3.2. Comprehensive Evaluation Is Conducive to the Selection of Superior Germplasm

Principal component analysis (PCA) offers high credibility and objective evaluation and is widely used in the evaluation analysis and comprehensive assessment of germplasm resources across various crops [49,50,51]. Furthermore, traits display complex interrelationships and constraints, leading to intricate relationships among them. Individual indicators alone cannot provide a complete and accurate evaluation; however, PCA addresses the issue of missing data by effectively reducing multiple variables to key factors [52]. Consequently, employing multivariate statistical methods to assess and screen composite indicators becomes particularly crucial. In this study, 14 phenotypic traits were condensed into three principal components: ear position factor, leaf width factor, and effective spike, achieving a cumulative contribution rate of 65.57%. This rate suggests that these components represent 65.57% of the variability in the 14 phenotypic traits across the 192 maize accessions. Consequently, this study selected ear height, ear position coefficient, leaf width at ear level, leaf width of upper leaves near the ear, and effective number of ears per plant as the core indices for evaluating maize phenotypic traits.

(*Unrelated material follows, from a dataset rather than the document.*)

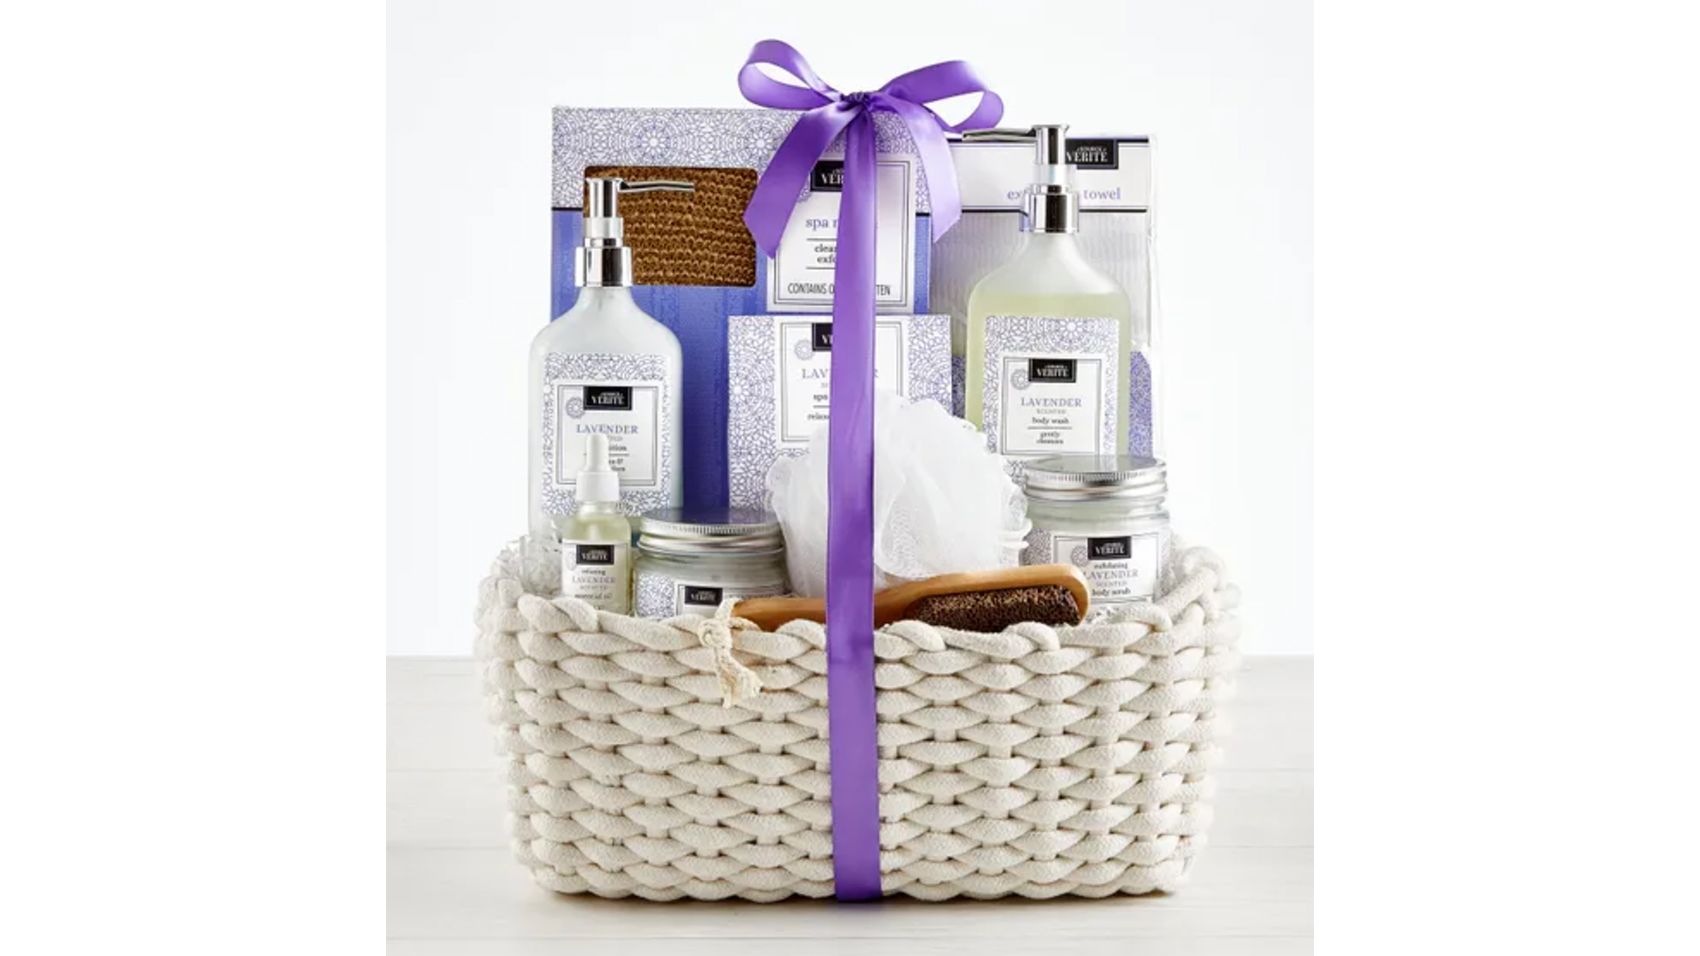 Gift Basket Ideas For New Mom – Body & Earth Inc

3.3. Selection of Accessions Lays the Foundation for Selection

In this study, 192 samples were categorized into three primary clusters through cluster analysis. Group III exhibited superior performance, ranking first among the three groups, making it the most favourable option for cultivation in the Aral region of Xinjiang and areas with similar climates. The phenotypes were characterized by taller plant height, broader leaves, thicker stalks, higher chlorophyll content, more effective spikes, increased thousand grain weight, and yield advantages. Leaves, stalks, and ears are crucial components contributing to the biological yield of silage maize [53]. Silage maize typically features tall, compact plants with wide leaves and substantial biomass [54]. Thus, it serves as a fundamental resource for selecting fodder varieties and as an excellent progenitor for material innovation and cross-breeding [55,56]. Group II, which ranked last in phenotypic trait performance, exhibited the largest coefficients of variation across all traits. It displayed the shortest plant and spike heights and the widest stem–leaf angle among the groups. This group could be beneficial in combination with materials characterized by excessive plant height, spike height, and narrow stem–leaf angles, to achieve an optimal plant type [57,58]. Such adjustments could lay the groundwork for plant type improvement and, due to its low spike position, foster the development of varieties with enhanced lodging resistance in conjunction with better-performing materials [56]. Group I, positioned second in overall performance, is also well suited for cultivation in the Aral region of Xinjiang and similar climates, offering substantial potential for agricultural exploitation. The uniformity in trait performance renders these samples solid foundational materials for variety selection [59,60]. The significant genetic variations observed among different taxa can enrich a variety of improvement processes. Consequently, the outcomes of this grouping can provide a reference and selection basis to meet diverse breeding objectives.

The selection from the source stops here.